Australia's big banks Westpac (ASX: WBC) and NAB (ASX: NAB) are each expecting rate cuts in 2014. That'll result in more money entering the stock market and everyone going in search of high dividend yields to improve the lacklustre returns from term deposits and savings accounts.
So what is an investor to do, receive potentially 4% from a term deposit or 7% from a dividend stock? I know which I'd choose.
Provided you invest in the right companies, you could turn a year of low interest rates in your term deposit into a year of capital gains and dividends from the stock market. It might be easier than you think. Once you've opened a brokerage account, buying and selling is easy. The hard part is being patient. History has proven it's time in the market that's important, not timing the market.

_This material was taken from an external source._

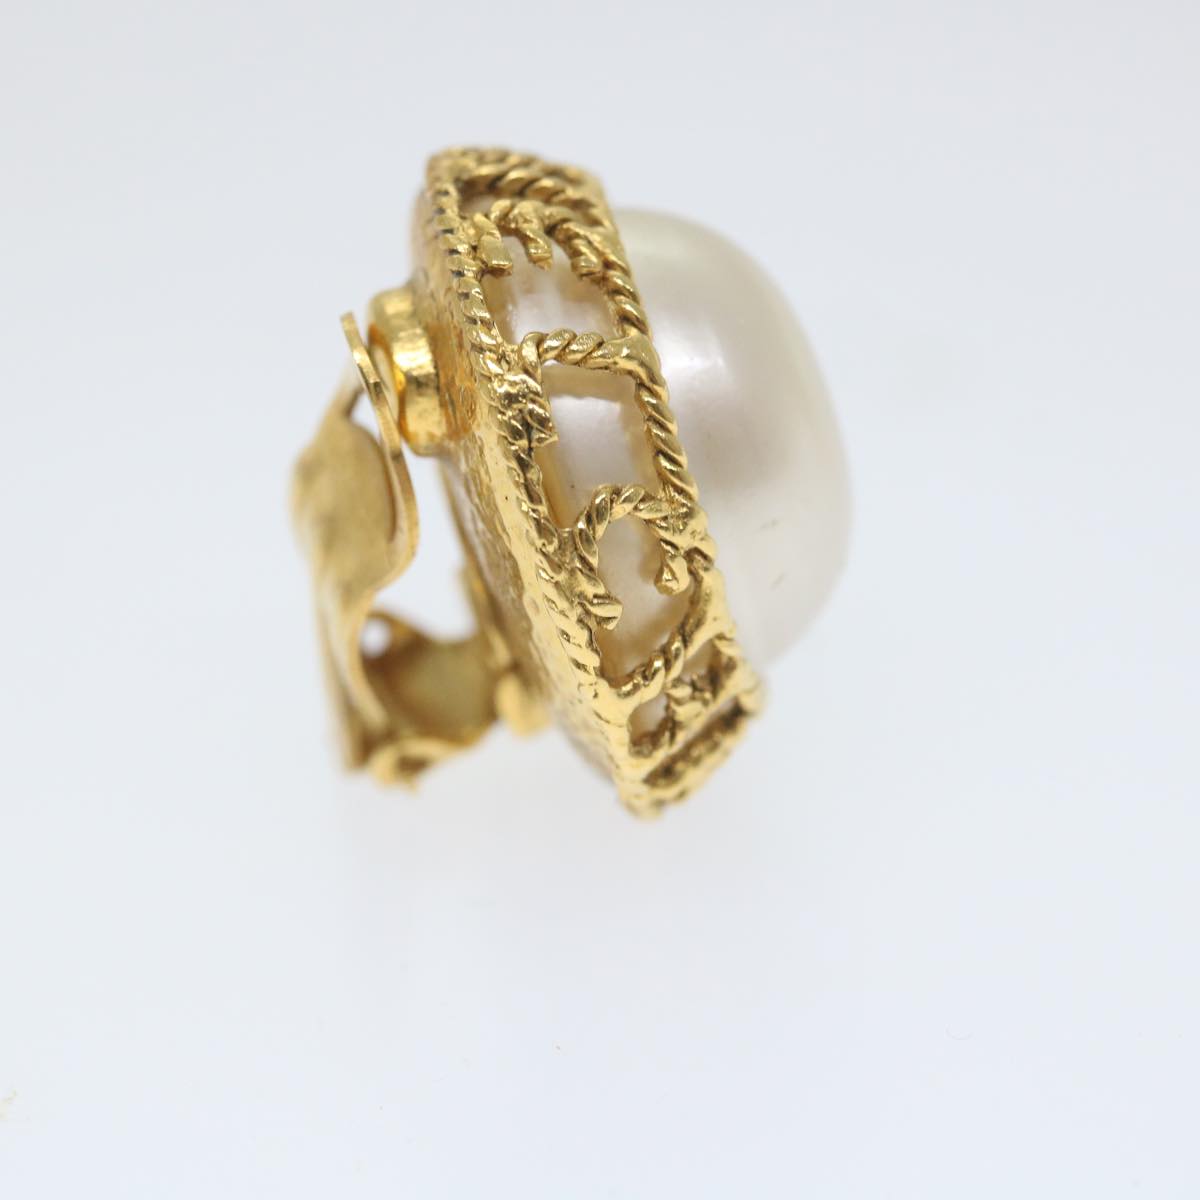 CHANEL Earring Metal Gold Tone CC Auth hk902

A company which has stood the test of time and brought long-term gains and legendary dividends to shareholders is Telstra (ASX: TLS). Admittedly, its dividend yield was better when it traded around $2.70, but the future is what's important. It currently yields 5.7% fully franked or 7.9% grossed-up and will likely increase its payout in coming years. In addition, Telstra's market share and product offering make it almost certain it'll be around in 10 years' time. Industrial stocks are more likely to pay consistent dividends.

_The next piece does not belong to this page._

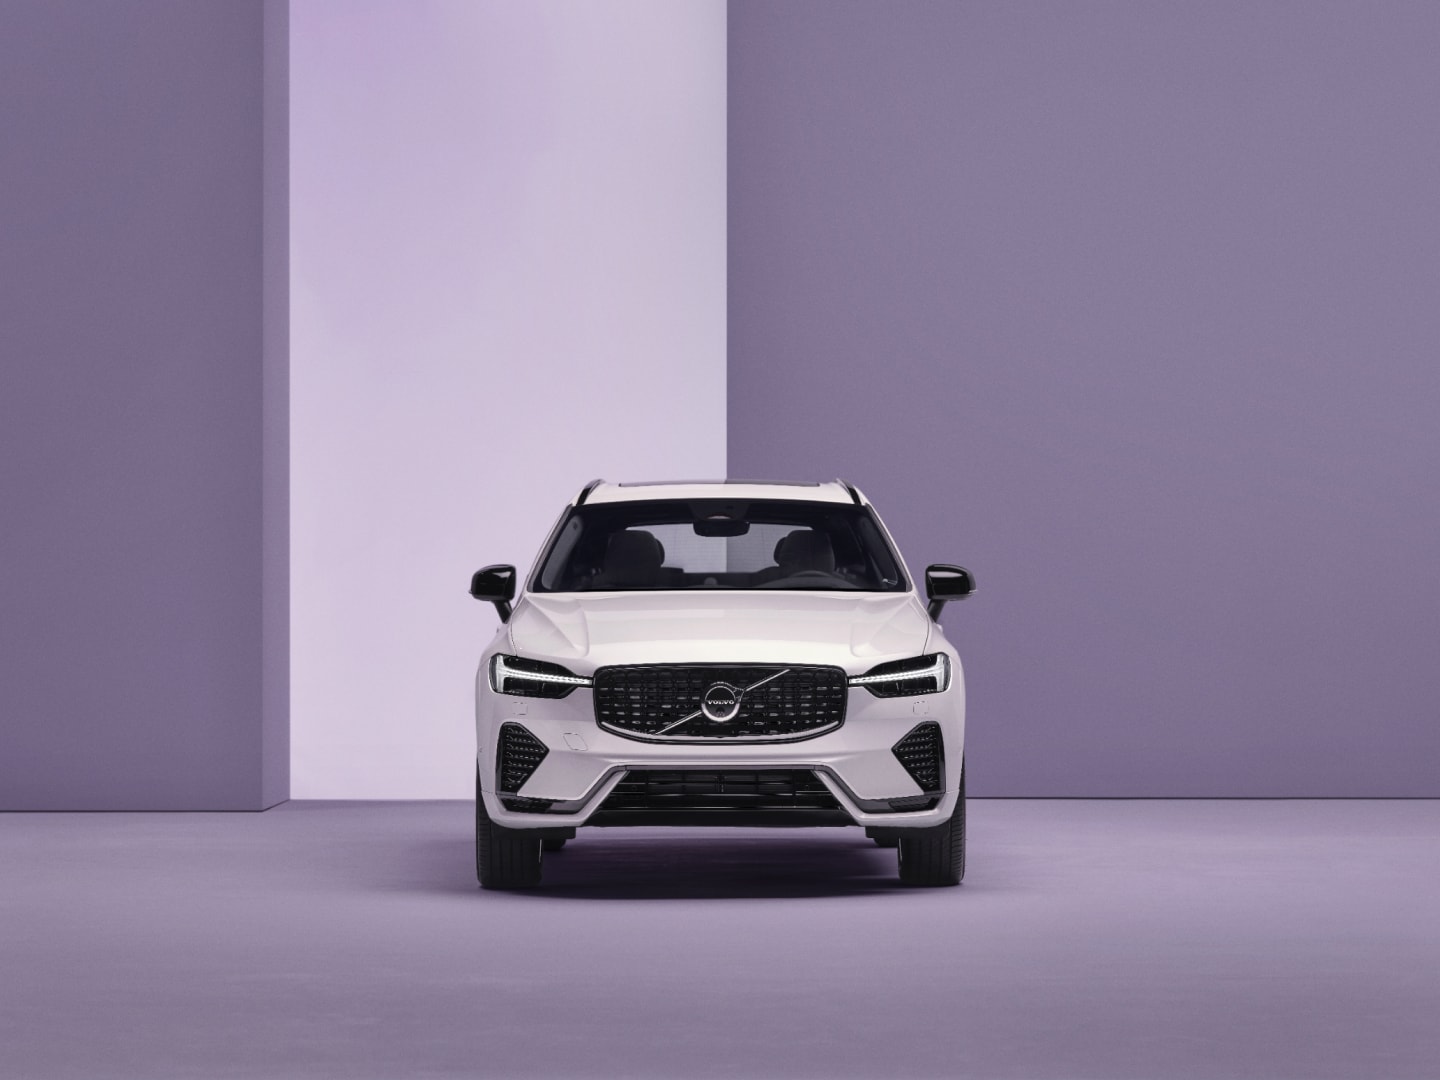 The front view of a Volvo XC60 plug-in hybrid.

However if you believe 2014 might not be such as great year after all, you might want to "recession proof" your portfolio and perhaps should consider holding companies that do well when others don't. For example, Cash Converters (ASX: CCV) makes money from issuing short-term loans and trading used goods. During tough economic times individuals will seek out Cash Converters' services. At current prices it pays a 5.1% dividend fully franked or 7.4% grossed-up.
Foolish takeaway
Without mining investment bolstering our economy, 2014 will likely bring further rate cuts. Or at least see rates remain at 2.5%. Now could be the best time to grab a big dividend stock.